UBI FAQ and HOWTO

How to enable UBI?

In the Linux configuration menu, go to "Device Drivers" -> "Memory Technology Devices (MTD)" -> "UBI - Unsorted block images", and mark the "Enable UBI" check-box. UBI may be either compiled into the kernel or built as a kernel module.

How to attach an MTD device?

If UBI is compiled as a kernel module, it is enough to specify the MTD device to attach in the module arguments, e.g.

$ modprobe ubi mtd=3

loads the UBI kernel module and attaches mtd3. And

$ modprobe ubi mtd=3 mtd=5

command loads UBI kernel module and attaches mtd3 and mtd5.
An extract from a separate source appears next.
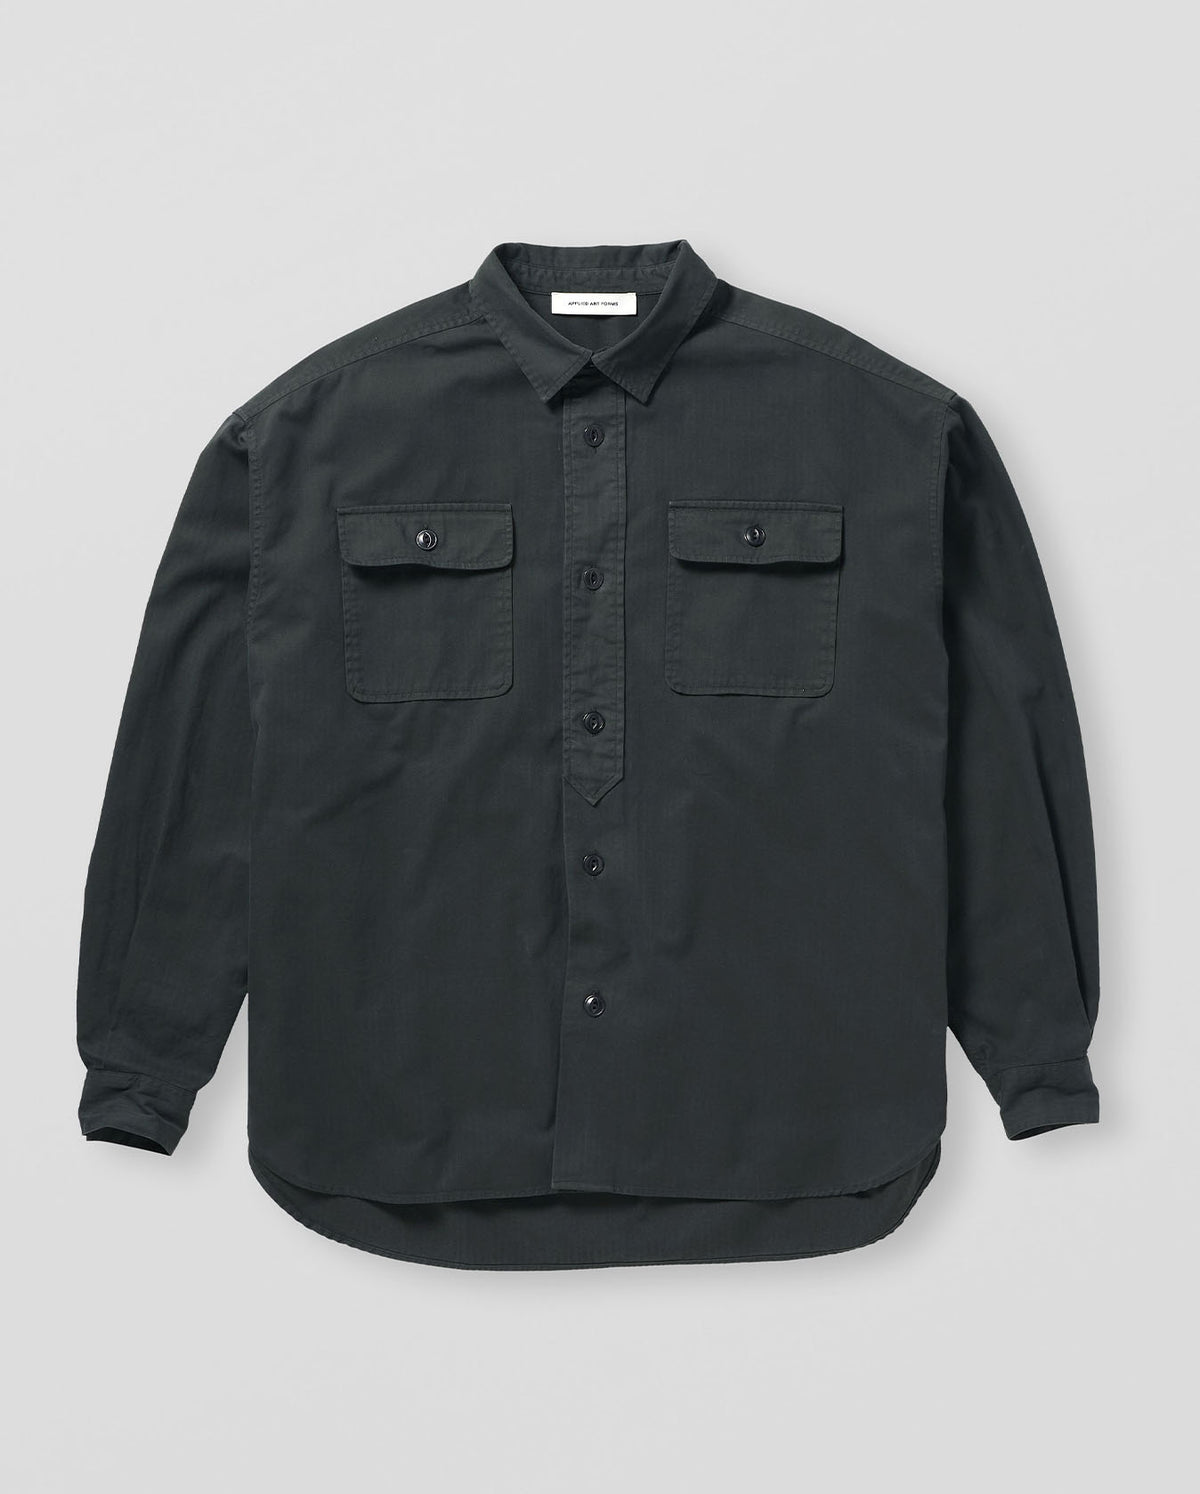 Overshirt With Double Chest Pockets - Charcoal
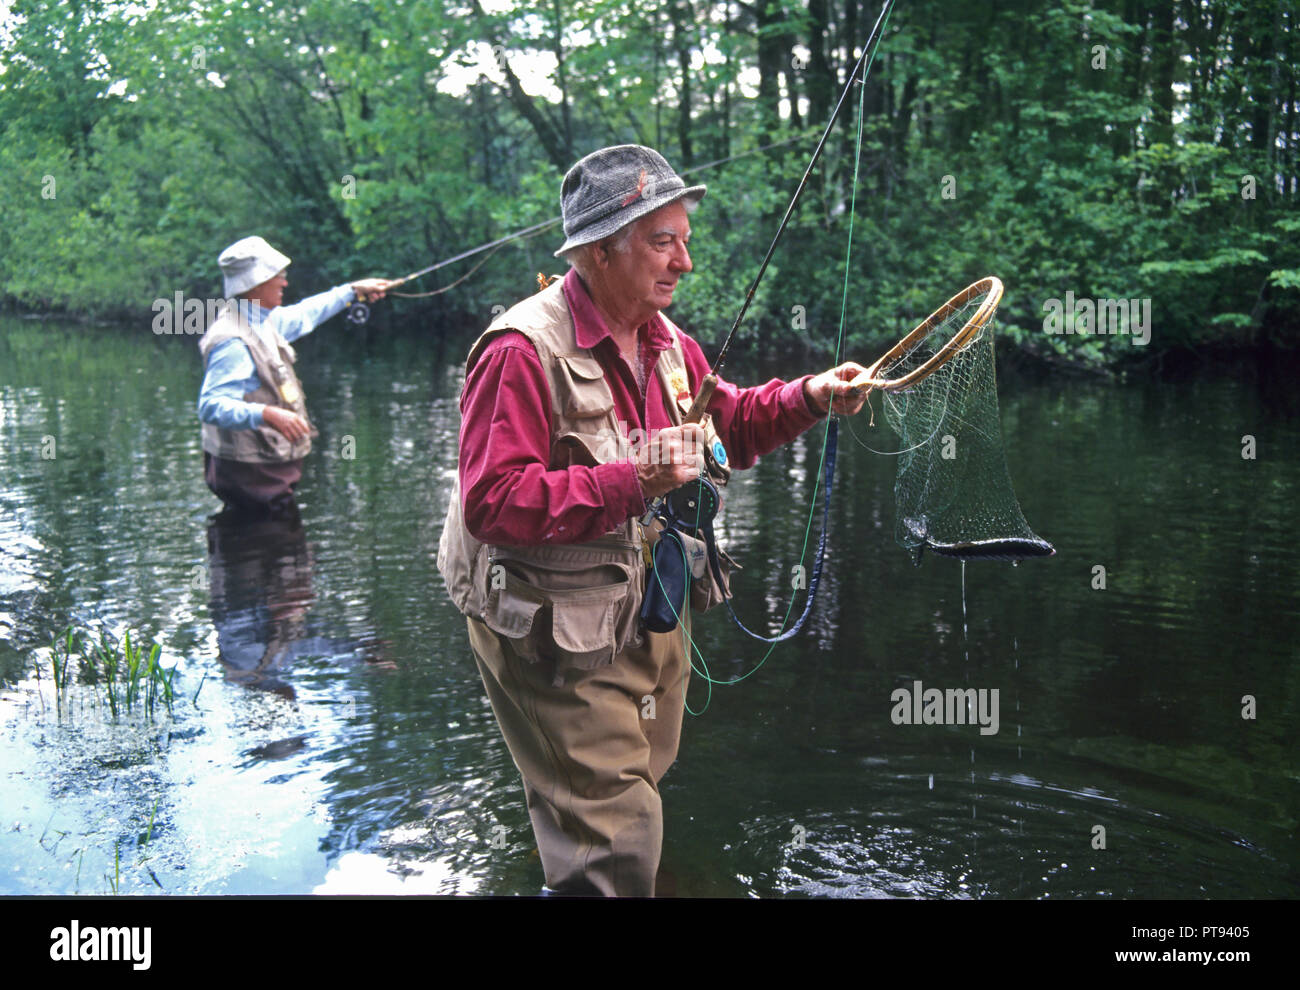 Two senior citizens fly fishing in a river in Massachusetts, USA Stock Photo

If UBI is compiled into the kernel, the mtd device to attach may be specified in the kernel boot parameters, e.g.,

ubi.mtd=3

command makes UBI attach mtd3 when the kernel is booting, and

ubi.mtd=3 ubi.mtd=3

command makes UBI attach mtd3 and mtd6.

And finally, MTD devices may be attached or detached at any time with the ubiattach and ubidetach utilities (see here); For example,

$ ubiattach /dev/ubi_ctrl -m 3

attaches mtd3. But this "run-time attach" UBI capability was added recently and it is in the main-line kernels starting from version 2.6.25. Note, it is anyway recommended to back-port UBI patches from the latest kernel or even better from the UBI git tree.

How to create/delete UBI volumes?

Use ubimkvol and ubirmvol tools (see here). For example, the below command creates a 128MiB volume on UBI device 0:

$ ubimkvol /dev/ubi0 -N rootfs -s 128MiB

and the following command removes it:

$ ubirmvol /dev/ubi0 -n 0

For additional information, use ubimkvol -h and ubirmvol -h.

How to run JFFS2 on top of an UBI volume?

Although it may sound weird, UBI can emulate MTD devices for UBI volumes and JFFS2 can be mounted on these emulated MTD devices. Enable the "Emulate MTD devices" UBI configuration menu check-box to make UBI create one MTD device for each UBI volume. One of the reasons to do this might be using of MLC NAND flash (see this section) or legacy software.

Can I run ext2 on top of UBI?

UBI is not a block device emulation layer, it is not an FTL. Neither ext2 nor other "traditional" file systems can be run on top of an UBI device. Please, read the big red note and overview documentation sections to realize why.

But it is much easier to implement FTL on top of UBI then on top of MTD, because UBI takes care about many flash complexities and makes it possible to concentrate on on upper-level issues rather then solving flash media problems like wear-leveling, bit-flips, bad-blocks, etc.

This e-mail describes an idea of a simple FTL layer on top of UBI.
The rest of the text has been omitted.